Barak Valley division, is an administrative division of Assam under the jurisdiction of a Commissioner, who is stationed at Silchar the largest city of the division. It consists of the following districts: Cachar, North Cachar Hills, Karimganj, and Hailakandi.

Districts
Barak valley Division & Hills comprises four districts, namely Cachar, North Cachar Hills, Karimganj, and Hailakandi.

Demographics
Barak Valley Division have a population of 3,838,701 with constituting 4 districts in total.

Languages

As per (2011) language census report, Bengali is the official as well as the most spoken language of the region with approximately 2,930,378 native speakers. Hindi, Manipuri, Bishnupriya and Dimasa are the next most widely spoken languages with 362,459, 126,498, 50,019 and 21,747 native speakers, respectively. Tripuri, Odia, Nepali and Marwari are also spoken by a considerable minority, while 2.43% of the total population speaks other tribal languages.
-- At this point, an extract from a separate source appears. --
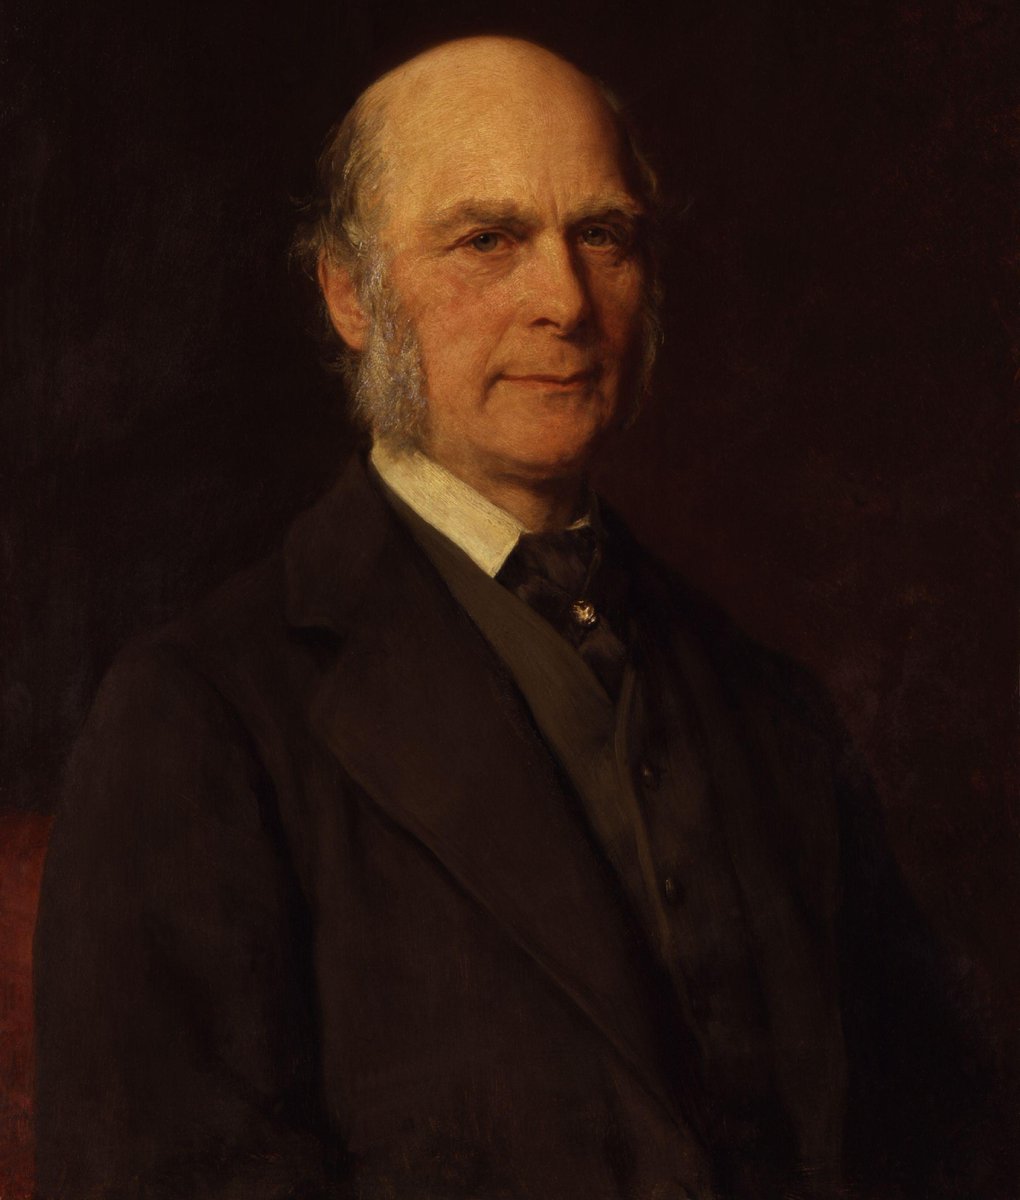 The Eugenics Movement was founded by Francis Galton. He was the cousin of Charles Darwin. He modeled eugenics after the British upper class. He believed that the elite's upper position throughout society was based on genetics (he was wrong).

According to census 2011, the major languages of Cachar district are Bengali, Hindi, Manipuri, Bhojpuri, Bishnupriya Manipuri, Dimasa, Khasi, Hmar and Odia in descending order of population. In the Hailakandi district, the major languages are Bengali, Hindi, Tripuri language, Manipuri and Bhojpuri. In the Karimganj district, the major languages are Bengali and Hindi.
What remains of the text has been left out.